The few, the relatively unknown, but the powerful… I am talking about ice nuclei. These particles are special. How special? In air anywhere at any time, these can be the 1 in 100,000 to the 1 in 1 million of all particles. Ten ice nuclei in a liter of air is a relatively large number active particles at supercooled cloud temperatures. Measuring them is a special challenge, but that is what we are here to do – Ryan Sullivan (arrived yesterday to take over for me this week) and I.
Why do we care about particles present in such small numbers? Because it takes only a few ice nuclei per liter of air to initiate an ice-phase precipitation process efficient enough to lead to snow or rain at the surface. If they transported in sufficient abundance to the upper troposphere, ice nuclei can alter the microphysical and optical properties of cirrus clouds. These particles are associated with some of the most uncertain indirect effects of aerosols on climate.

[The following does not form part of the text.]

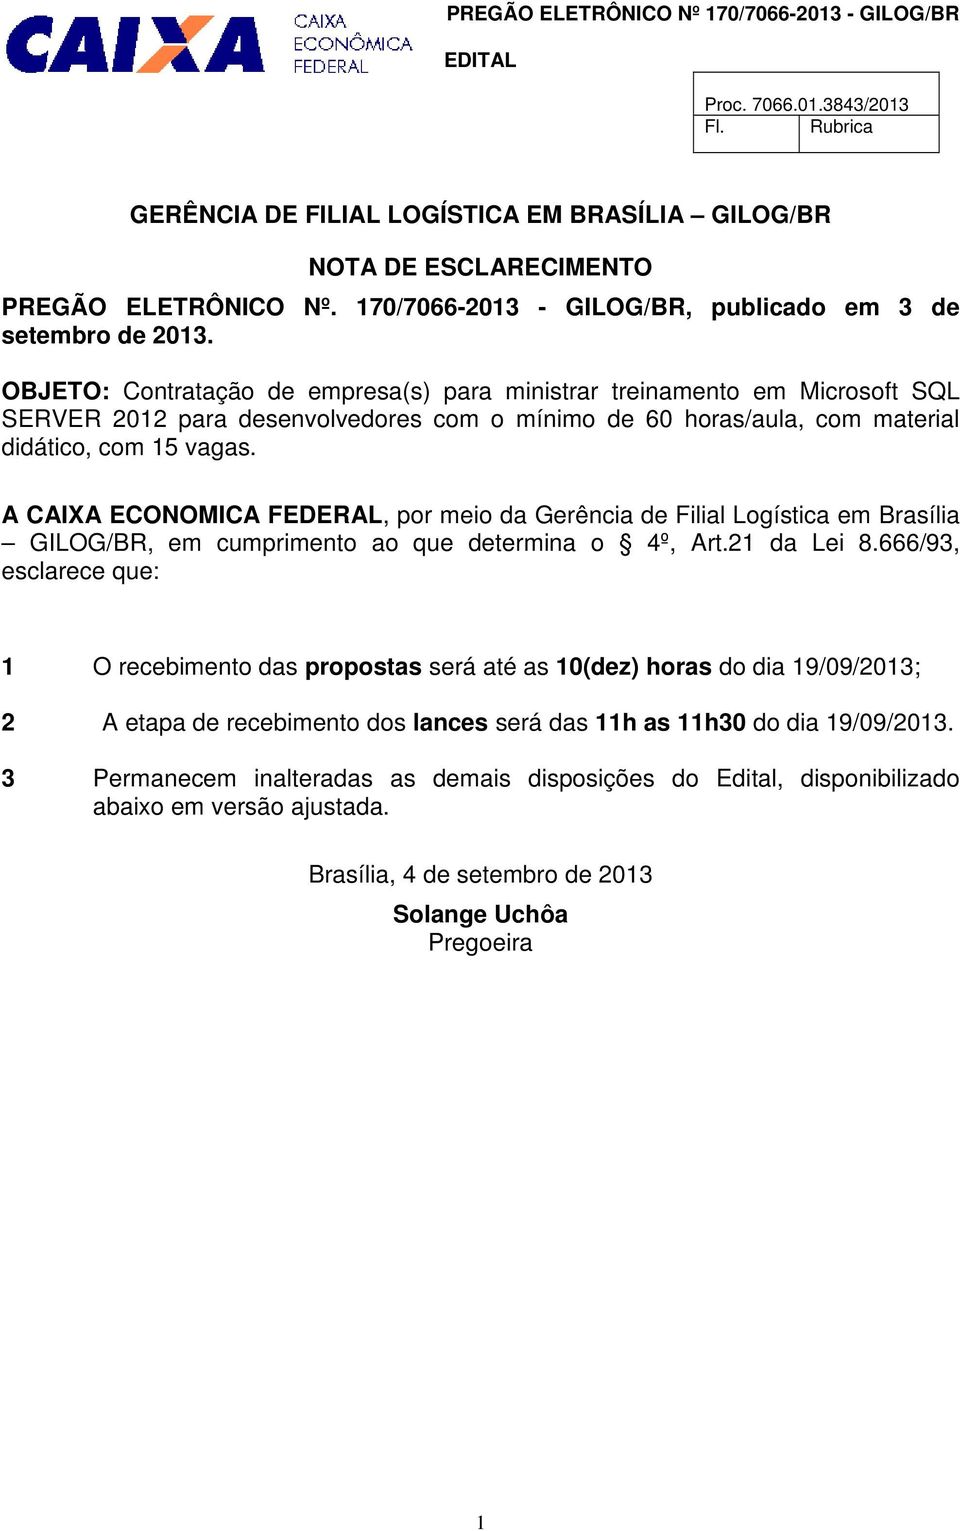 A CAIXA ECONOMICA FEDERAL, por meio da Gerência de Filial Logística em Brasília GILOG/BR, em cumprimento ao que determina o 4º, Art.21 da Lei 8.

We know of the strong contribution of mineral and soil dusts as atmospheric ice nuclei. What about direct sources from the massive surfaces of Earth’s oceans? Sparse past data collected over oceans offer intriguing evidence that the oceanic source of ice nuclei can vary by orders of magnitude and may be linked closely to biological processes and biological organisms. The wave flume studies offer the opportunity to directly isolate the source of ice nuclei from sea spray particles (inorganic, organic, biological organisms?) as compared to air of unknown origin present in the oceanic boundary layer at any time, or as compared to what we know is in seawater.
Consequently, we are introducing particles into a flow through chamber that exposes them to conditions that they would encounter in clouds below 0 C, to measure their number concentrations in real-time. I have been surprised at the strength of the source from filtered seawater. We are collecting the activated nuclei onto electron microscopy grids for offline analyses of their elemental composition and morphology. Finally, we are collecting large volumes of air containing the particles for offline analyses of particle freezing spectra at the warmest temperatures below 0C where the real-time method loses sensitivity. My colleagues from the biological sciences, Drs. Tom Hill and Gary Franc of the University of Wyoming, will perform these measurements, as well as chemical and environmental sensitivity experiments to attempt to determine the relative contributions of bacteria, versus all biological, versus all organic particles to ice formation during the offline studies.
Who knows what other great ideas and collaborations will be spawned by the wonderful opportunity presented at this wave flume study?! We look forward to discussions with experimentalists and theoreticians alike.